Saturday, May 28, 2011

CDK 1.2.10: the changes, the authors, and the reviewers

This may very well be the last bug fix release for the 1.2.x series. Or, at least that is what I am aiming for. This release is particularly aimed at (and from) Debian, fixing the puredist Ant target, contains a new atom type (for Te), and a fix in a molecular descriptor class.
  • Copy data files into the right folder of the puredist bdb4e0e
  • Added a test to demonstrate the ClassPathException in bug #3305581 7947f08
  • Test if the descriptor results are the same for two implementations (unfortunately, the nonotify IMolecule extends the data IMolecule, so it does not catch bug #3305581) 7a795a5
  • Factored out a method to test whether to descriptor calculations give the same results 2945d44
  • Parameterized method to create water to allow alternative implementations 9b99f11
  • Updated code to avoid dependency on specific implementation of molecule object. Now use IAtomContainer aee368a
  • Added detection of a Te atom type, found in ChEMBL 2f74024
  • Added unit tests^Cor Te.3 atom type detection 1b9afc9

The Authors
6  Egon Willighagen
1  Onkar Shinde
1  Rajarshi Guha

The Reviewers
5  Rajarshi  Guha 
2  Jonathan Alvarsson 
1  Egon Willighagen 

(Git commands use are given here)

Wednesday, May 25, 2011

My slides for this afternoon's Bioclipse-OpenTox demo

If you're quick, you might still be able to sign up for this afternoons Bioclipse-OpenTox demo. Because of unfortunate and unforeseen circumstances, I will not be able to talk about Bioclipse-OpenTox scripting myself, and have asked Ola to cover that, on top of his own (cool) part.

The demo software can be downloaded here, and the demo scripts as by clicking the Download button on this page.

Let me know how the demo was!

Monday, May 23, 2011

Online Seminar demoing Bioclipse-OpenTox interoperability using RDF technologies

Update: due to personal circumstances, it will very likely only be Ola to give the demo :(

This Wednesday, Ola and I will demo our work with Nina on interoperability between Bioclipse and OpenTox:
    OpenTox recently initiated a series of online seminars and interactive tutorials on topics related to predictive toxicology using a virtual conferencing system supporting desktop sharing and voice. The tutorials are part of the EU FP7 project OpenTox (, which aims at developing an interoperable open source predictive toxicology framework which may be used as an enabling platform for the creation of predictive toxicology applications.

    The next tutorial will be held Wednesday, 25 May, at 15:00 CEST, and will describe the approach for integrating OpenTox in Bioclipse, complemented with hands-on tutorials showing how to take advantage of OpenTox functionality from within Bioclipse via the user interface and scripts.
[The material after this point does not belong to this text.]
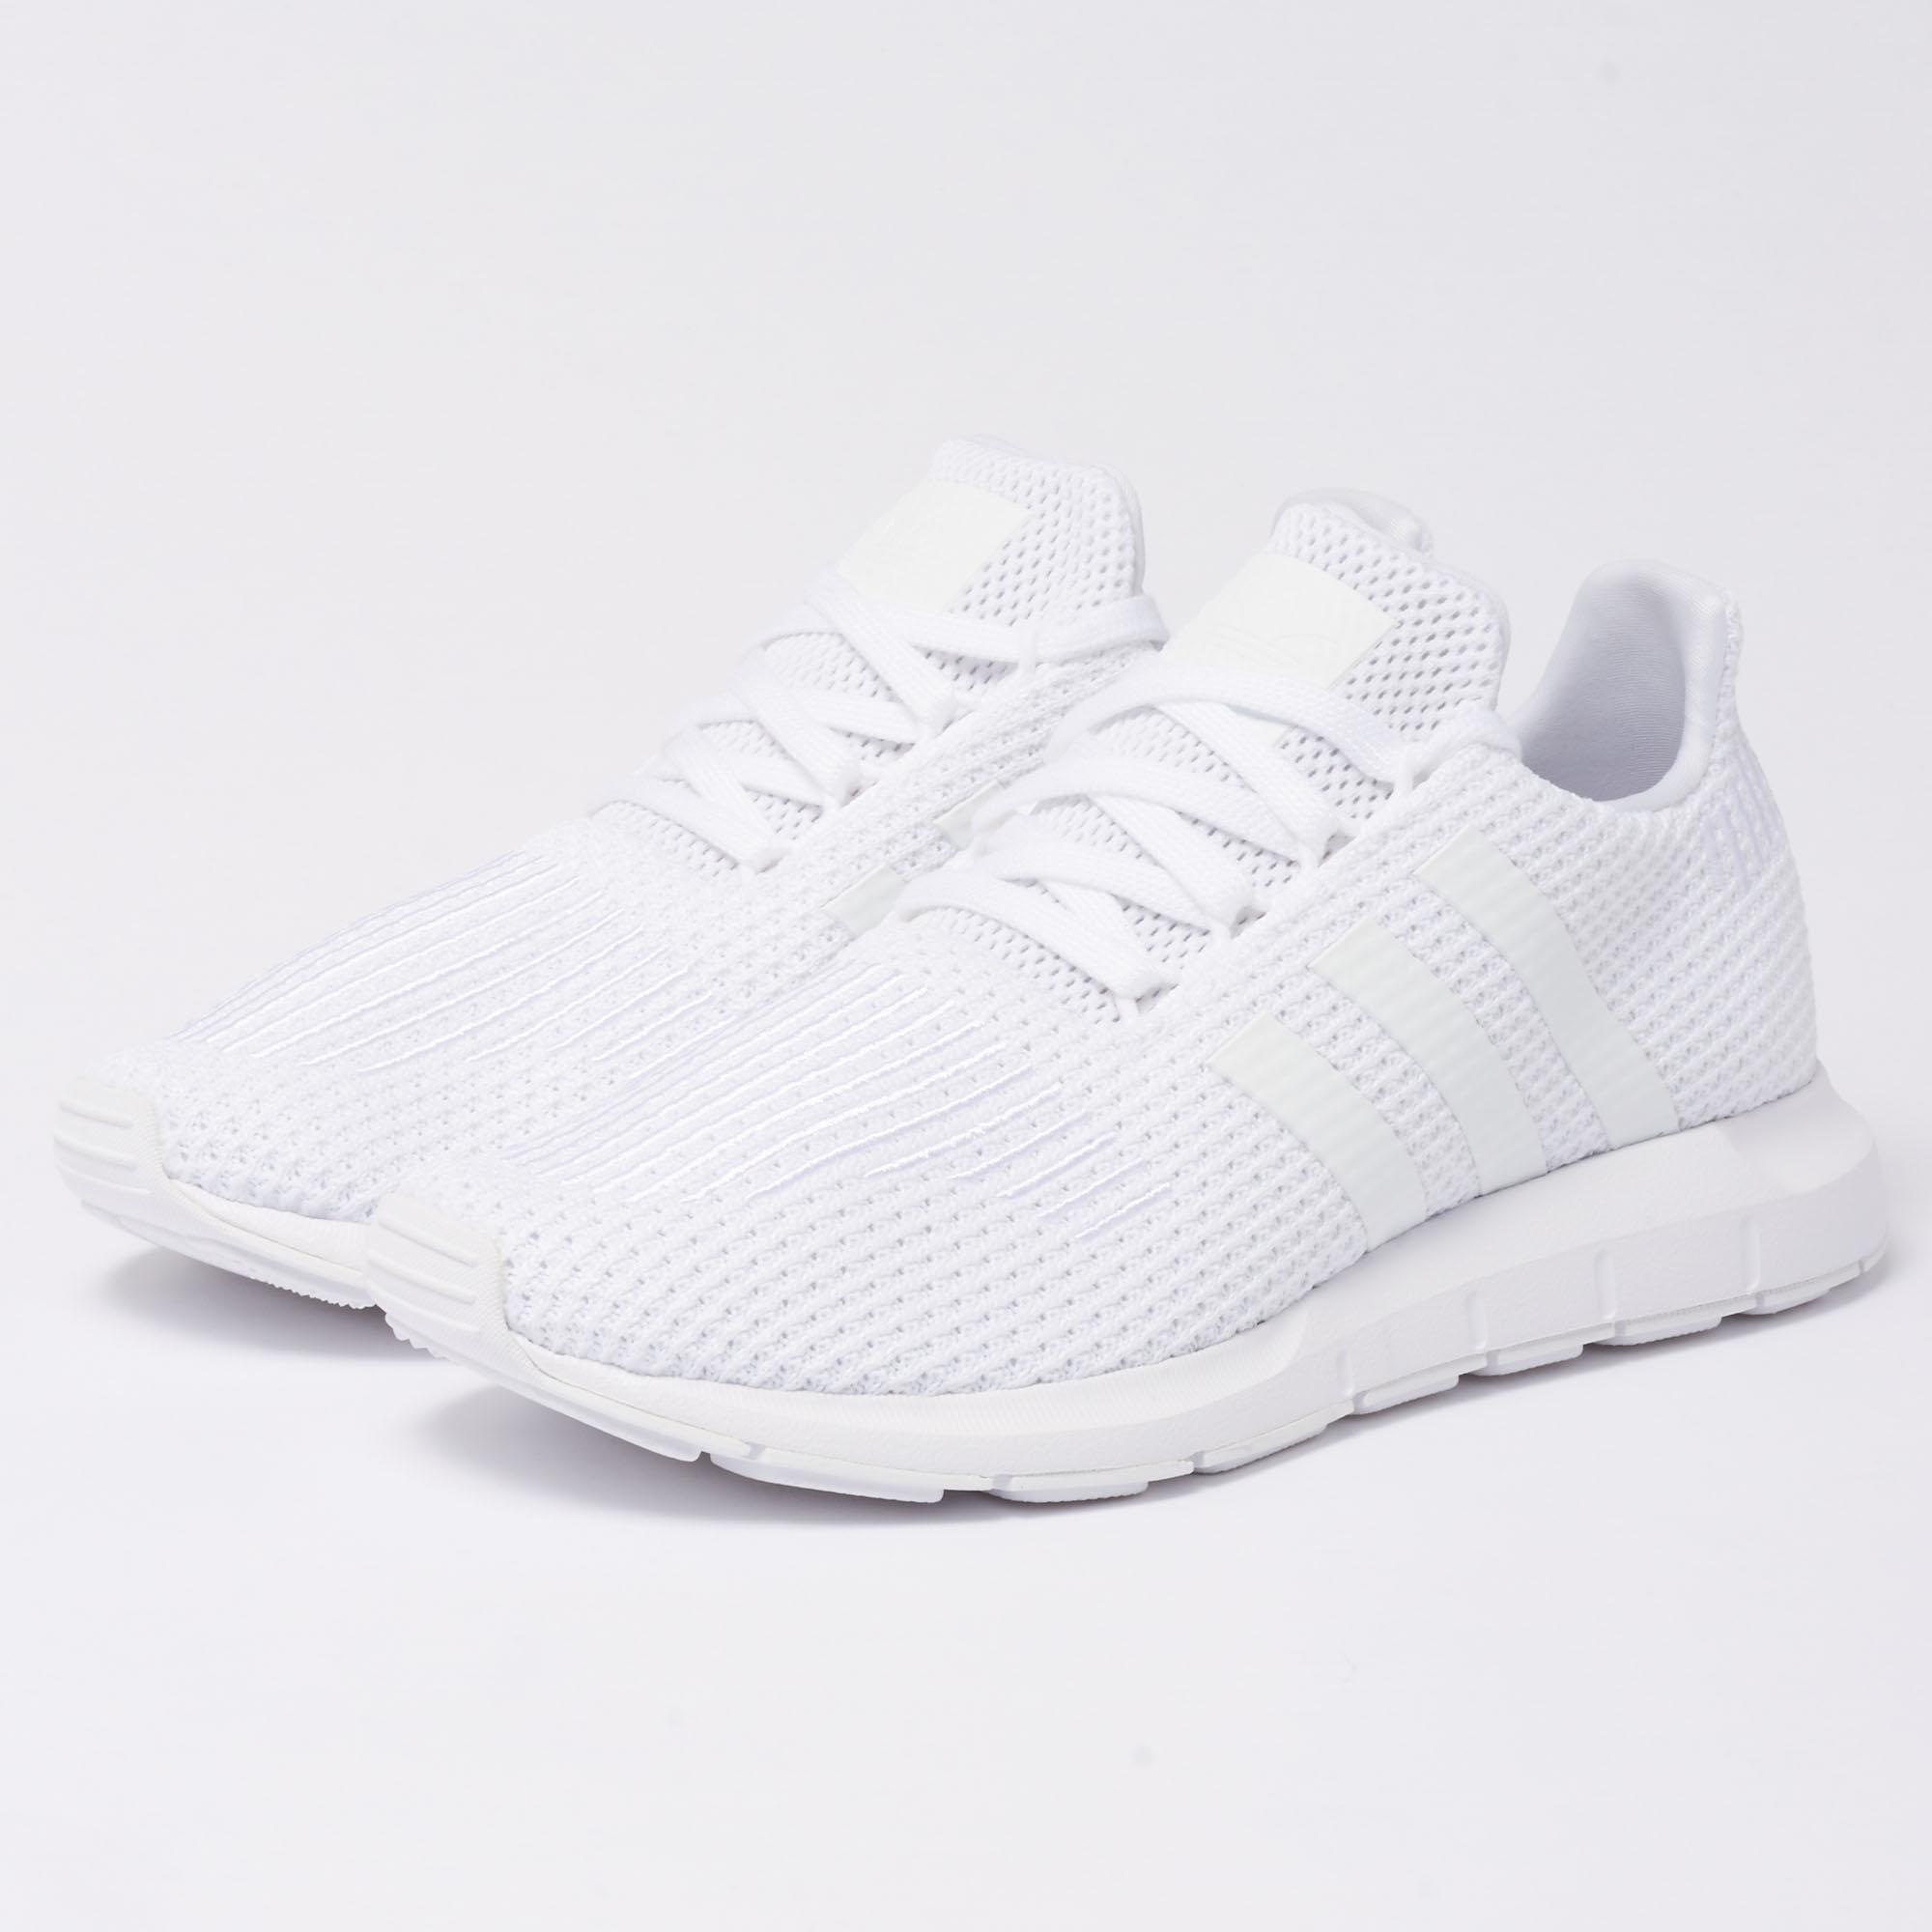 Adidas Originals Womens Womens Swift Run Trainers - White

    The intended audience is people interested in learning how to use OpenTox from within Bioclipse, and people interested in how the integration was technically implemented. A bleeding-edge release of Bioclipse will be made available for the participants before the tutorial.

    Participation in these online events involves no registration fee. To register for the seminar, visit

    If you have already registered for a previous OpenTox tutorial this spring you don't need to register again.

Sunday, May 22, 2011

CDK 1.3.9: the changes, the authors, and the reviewers

Hot on the heels of the stable update 1.2.9, here is a new developers release. The 1.4.0 is still waiting for the basic (molecule) rendering of the CDK-JChemPaint patch to be submitted, but I think I will just submit it and see what happens. If rejected, I will release 1.4.0 without it. Mind you, I rather get that renderbasic patch up to shape (fix some regressions, add missing docs, and unit tests where possible, etc), but there is too little movement in this area.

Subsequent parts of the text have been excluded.